■ The problem ■
Copy exactly the lines of the material below that run from the one containing "Gillian Lee Smith" through the one containing "Настройка параметров HUI50". Copy no other lines.

*** Opening of Data ***

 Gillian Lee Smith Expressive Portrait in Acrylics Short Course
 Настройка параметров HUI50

*** Close of Data ***
*** Opening of Data ***

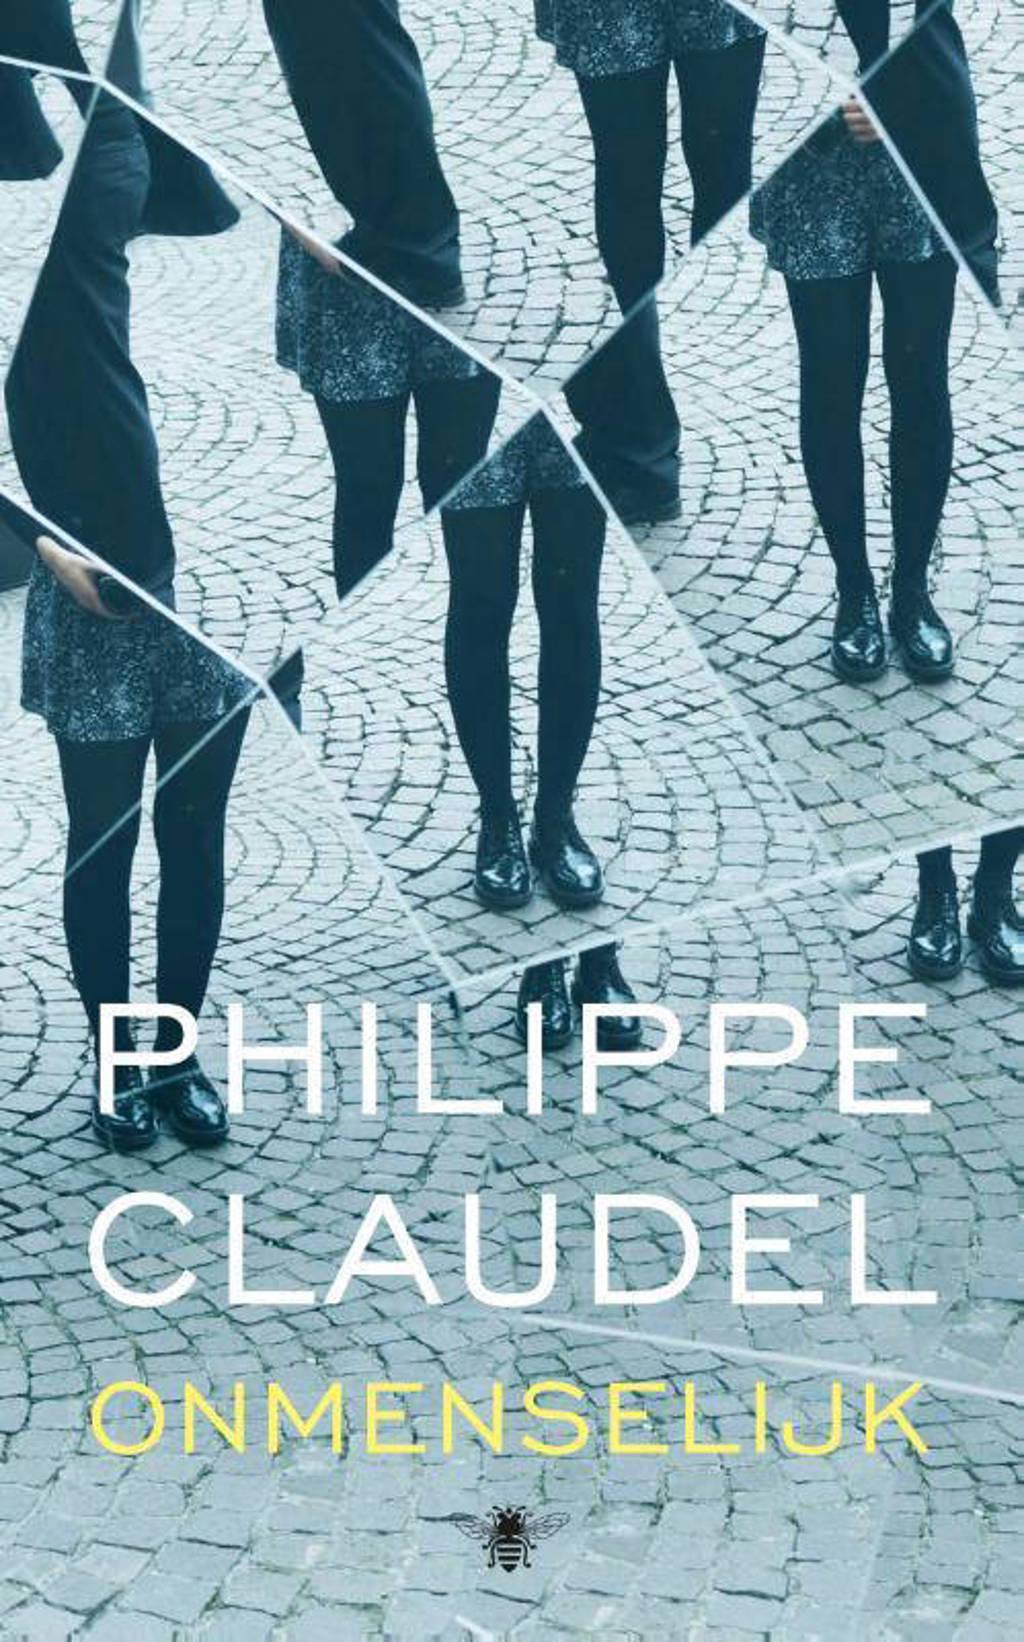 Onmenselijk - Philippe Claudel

*** Close of Data ***
*** Opening of Data ***

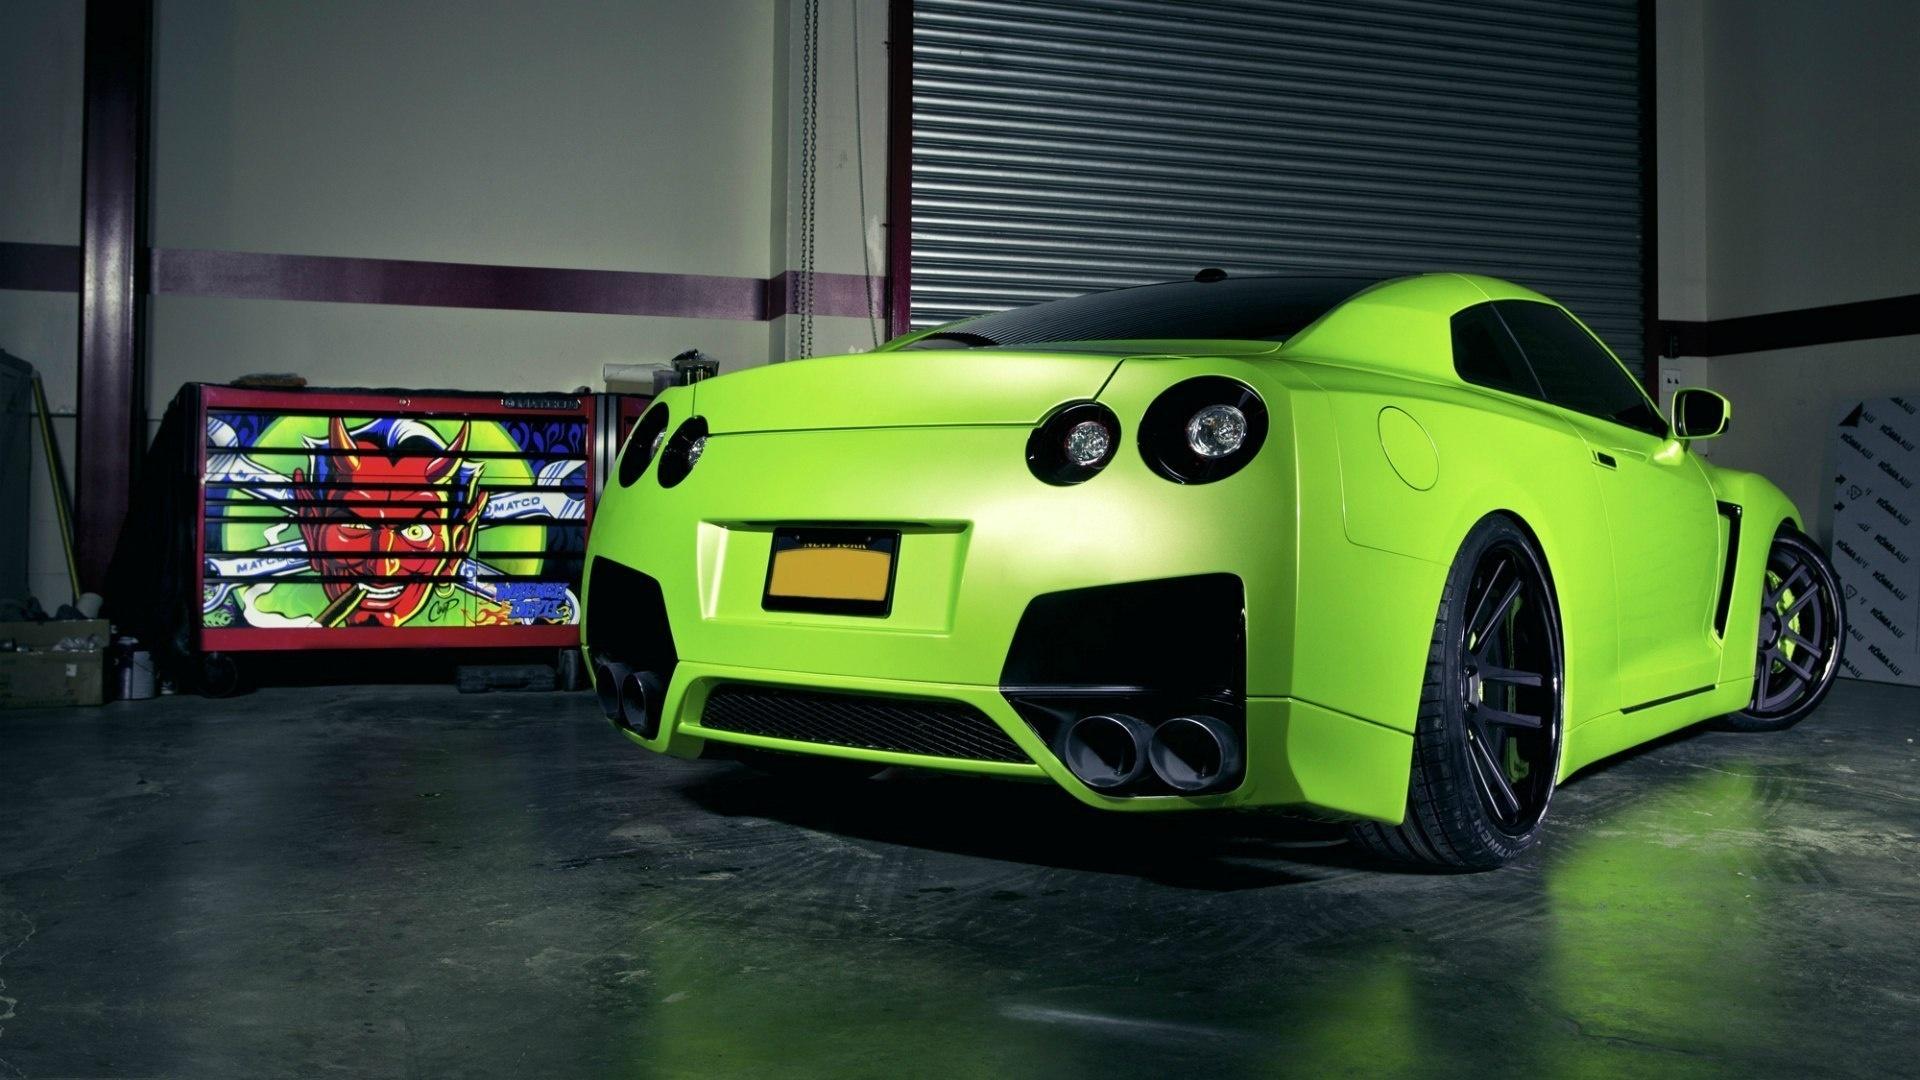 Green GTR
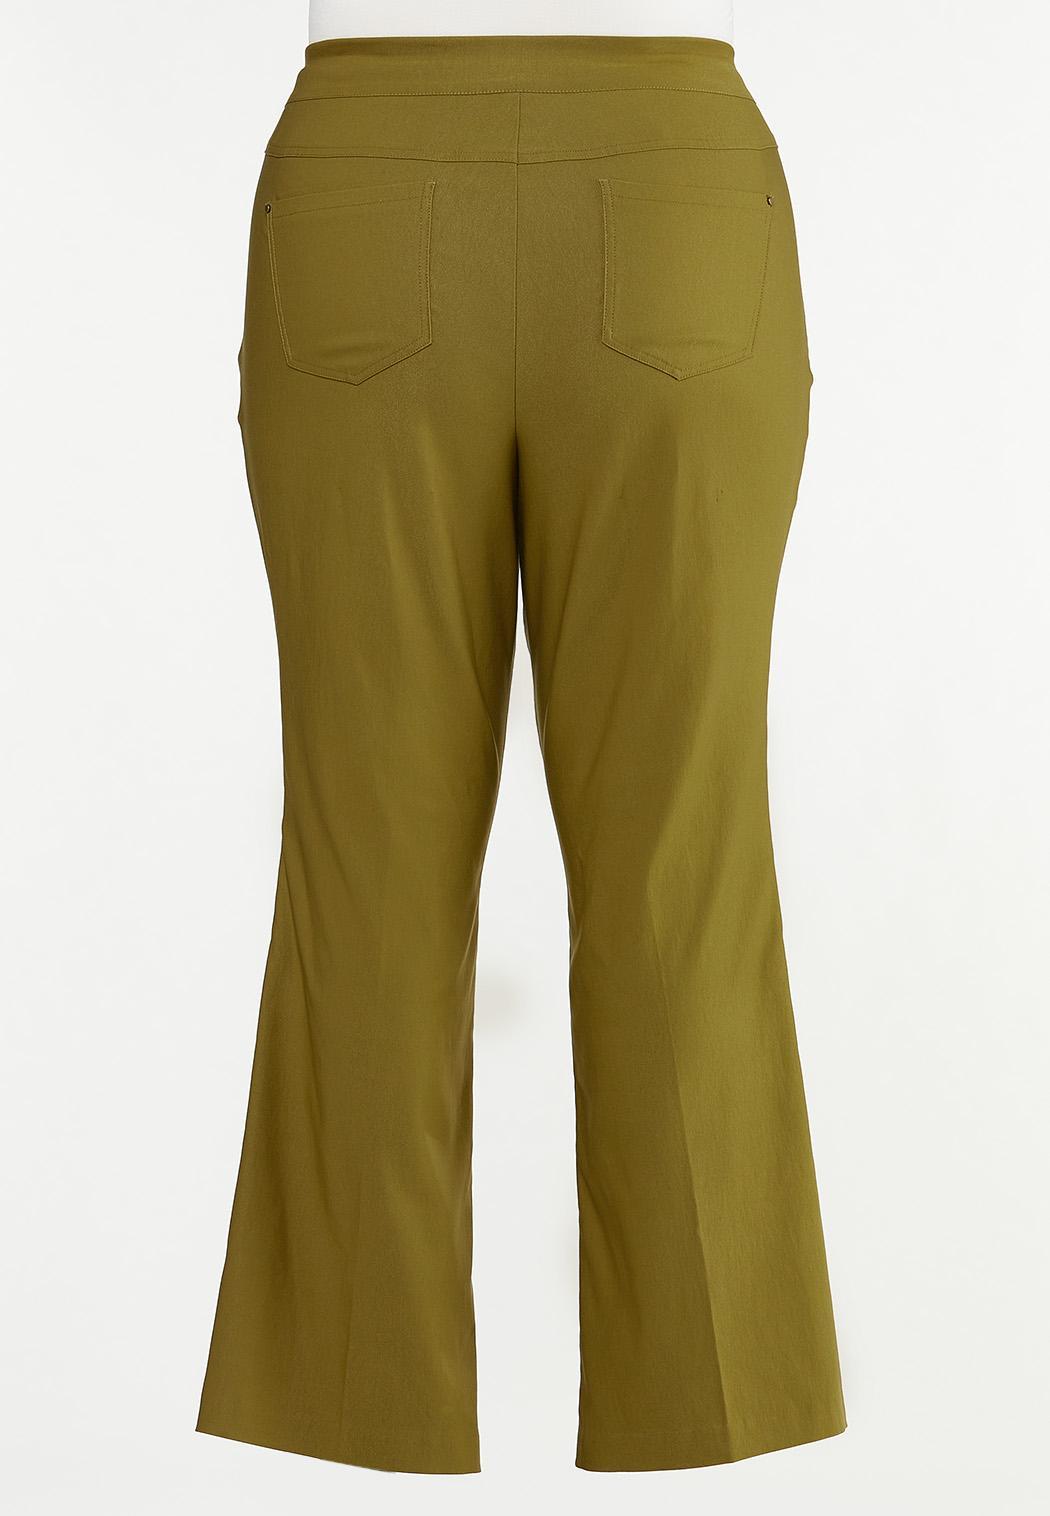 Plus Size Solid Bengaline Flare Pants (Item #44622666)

*** Close of Data ***

■ Written response ■
 Gillian Lee Smith Expressive Portrait in Acrylics Short Course
 Настройка параметров HUI50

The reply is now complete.